Le lactose est un oside de la famille des glucides naturellement présent dans le lait. Pour bien le digérer, l’organisme doit exprimer une enzyme appelée lactase, dont tous les mammifères disposent à la naissance. Mais chez tous les mammifères terrestres, la production de lactase cesse après le sevrage. Presque aucun Mammifère adulte ne digère donc le lait, à l’exception partielle de l’espèce humaine. De plus, si donner du lait à un hérisson le rendra malade, cette boisson est par contre inoffensive pour la plupart de nos concitoyens. En effet, au sein de la population européenne, 70 à 90 % des individus possèdent un phénotype LP (Lactase Persistante). Ce caractère leur permettant de digérer efficacement le lactose.
Une mutation apparue au Néolithique
Selon les chercheurs, la mutation responsable de ce phénotype serait liée à la découverte de l’agriculture et de l’élevage au Néolithique. Elle débute voilà près de 10.000 ans et progresse dans la population à mesure que ces nouvelles pratiques se répandent depuis le Croissant Fertile (Proche-Orient) jusqu’en Europe. Mais elle était encore rare sur le vieux continent voici six millénaires. Il y a 6000 ans en Ukraine, 5% de la population présentait le phénotype LP. Comment expliquer qu’en l’espace de quelques millénaires, ce phénotype soit devenu quasi-exclusif en Europe mais rare en Asie centrale ?
Une étude récente apporte de nouvelles explications concernant le succès de cette prodigieuse diffusion du phénotype LP. Laure Ségurel, chargée de recherche au CNRS, est co-autrice d’une étude publiée dans la revue PloS Biology en octobre dernier. Pour cette biologiste, le succès de diffusion du phénotype LP s’explique aussi par de meilleures chances de survie et de reproduction (+ 4 %). En ces temps reculés, les épidémies étaient d’autant plus fréquentes que les mesures sanitaires quasi-inexistantes. Or boire du lait présente des avantages indirects, notamment en diminuant le risque de s’abreuver à une source d’eau contaminée !

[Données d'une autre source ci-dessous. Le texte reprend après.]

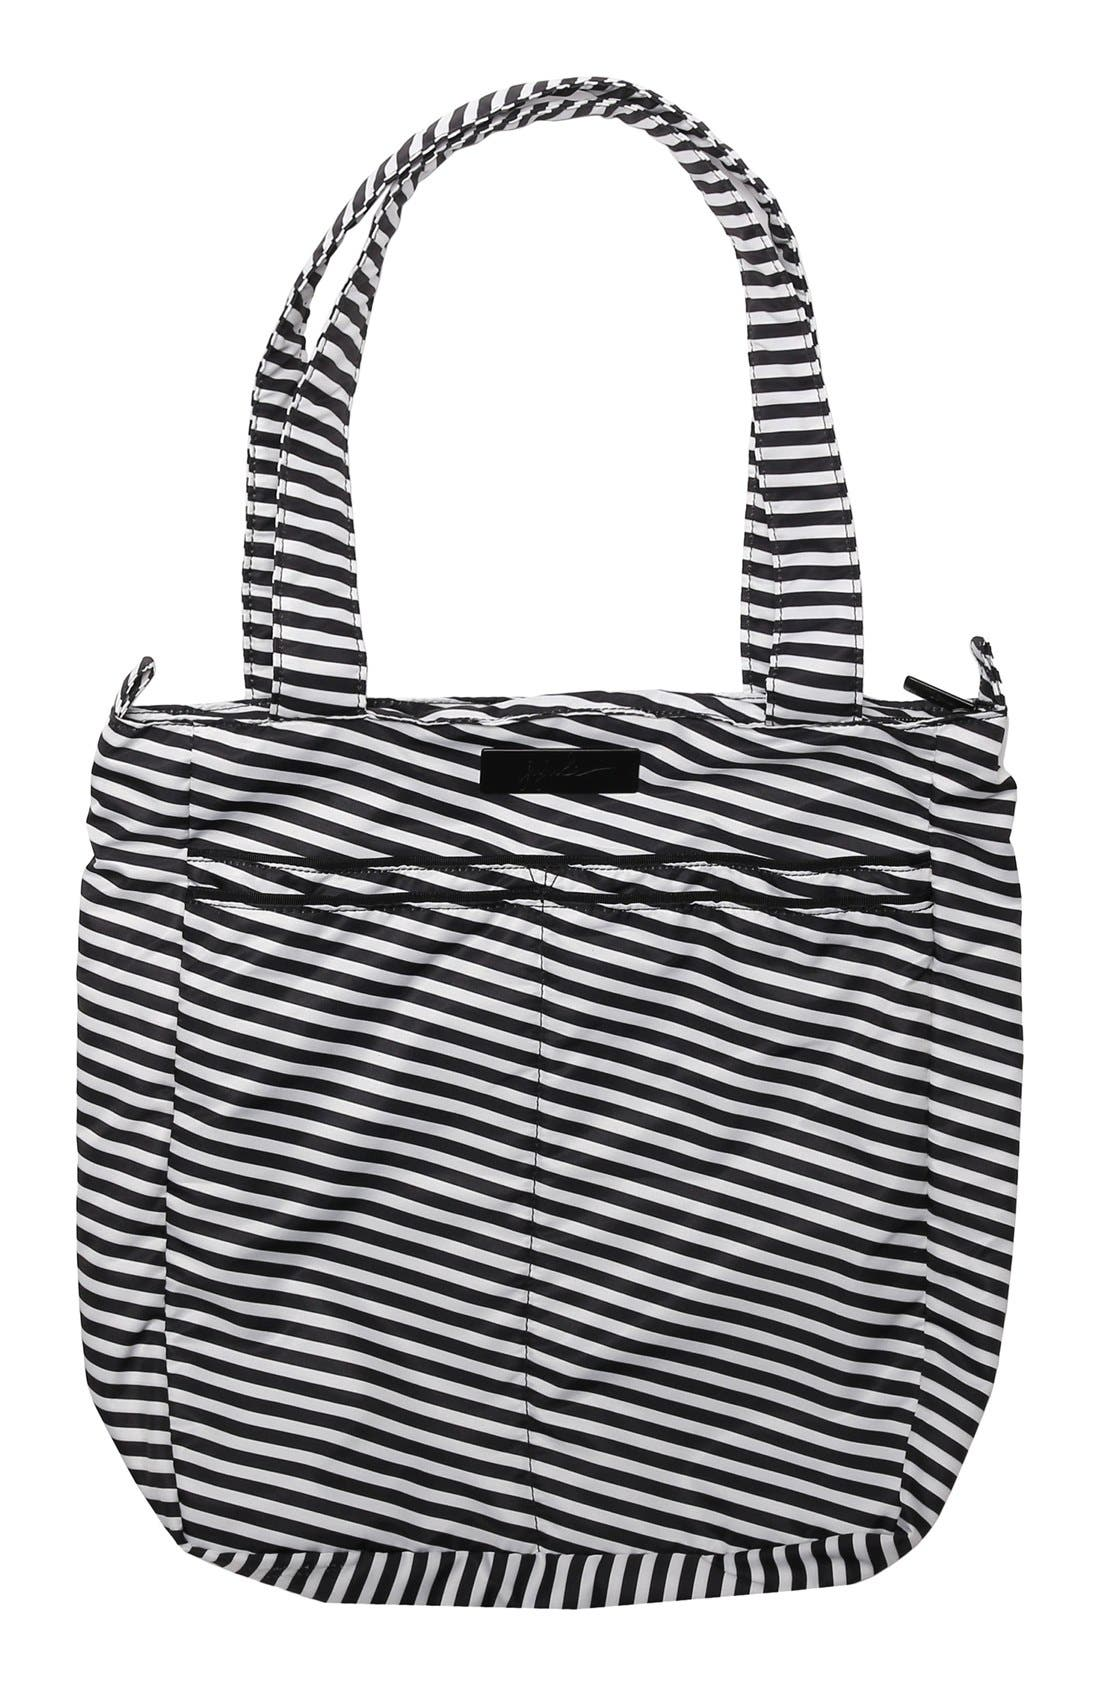 Main Image - Ju-Ju-Be 'Be Light - Onyx Collection' Diaper Bag

L’agriculture à l’origine de cette diffusion rapide
Si de nos jours cet argument ne se tient heureusement plus, il a probablement favorisé la diffusion rapide du phénotype une fois bien implanté eu Europe. Il y a 3000 ans, 50% des populations étudiées présentaient ce phénotype. 2000 ans avant notre époque, 90% des individus étaient concernés. Mais l’argument sanitaire n’explique pas tout. Le phénotype LP accompagne des changements culturels qui ont nettement favorisé sa diffusion. Dans l’Europe de l’Ouest néolithique, le lait de vache riche en lactose a remplacé la large consommation de fromage de chèvre pauvre en lactose (ce sucre restant dans le « petit lait »).
Ce changement de régime a nettement favorisé le phénotype LP. Tandis qu’en Asie centrale, les populations nomades consommatrices de produits sans lactose ou de ferments bactériens dégradant déjà ce sucre n’ont eu aucune utilité de cette mutation. Le phénotype ne s’est alors pas maintenu dans ces populations. Ainsi de nos jours, seul un tiers de l’humanité présente le phénotype LP.